7. Fergusson DM, et al. Abortion in young women and subsequent mental health. J Child Psychol Psychiatry. 2006;47(1):16-24.
8. Pedersen W. Abortion and depression: a population-based longitudinal study of young women. Scand J Public Health. 2008;36(4):424-8.
9. Rees DI, Sabia JJ. The relationship between abortion and depression: new evidence from the Fragile Families and Child Wellbeing Study. Med Sci Monit. 2007;13(10):430-6.

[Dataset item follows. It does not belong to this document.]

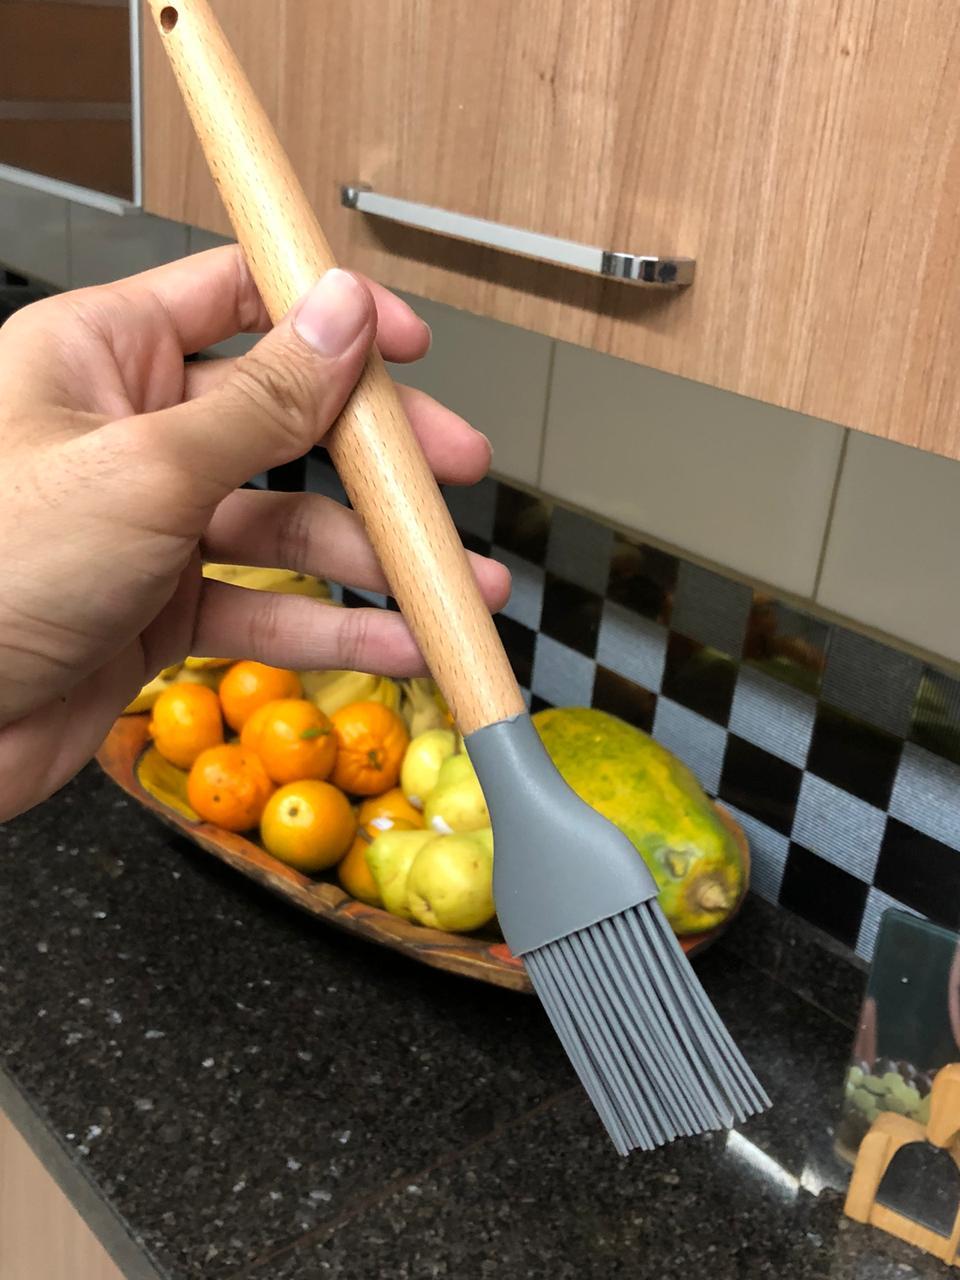 Pincel culinário de silicone e madeira untar confeitar cinza 28cm livre de bpa

10. Coleman PK. Resolution of unwanted pregnancy during adolescence through abortion versus childbirth: individual and family predictors and psychological consequences. J Youth Adolesc. 2006;35:903-11.
11. Reardon DC, Coleman PK, Cougle J. Substance use associated with prior history of abortion and unintended birth: a national cross sectional cohort study. Am J Drug Alcohol Abuse. 2004;26:369-83.
12. Cougle J, Reardon DC, Coleman PK. Generalized anxiety associated with unintended pregnancy: a cohort study of the 1995 National Survey of Family Growth. J Anxiety Disord. 2005;19(10):137-42.
13. Broen AN, Moum T, Bodtker AS, Ekeberg O. Psychological impact on women of miscarriage versus induced abortion: a 2-year follow-up study. Psychosom Med. 2004;66(2):265-71
14. Broen AN, Moum T, Bodtker AS, Ekeberg O. The course of mental health after miscarriage and induced abortion: a longitudinal, five-year follow-up study. BMC Med. 2005;3:18.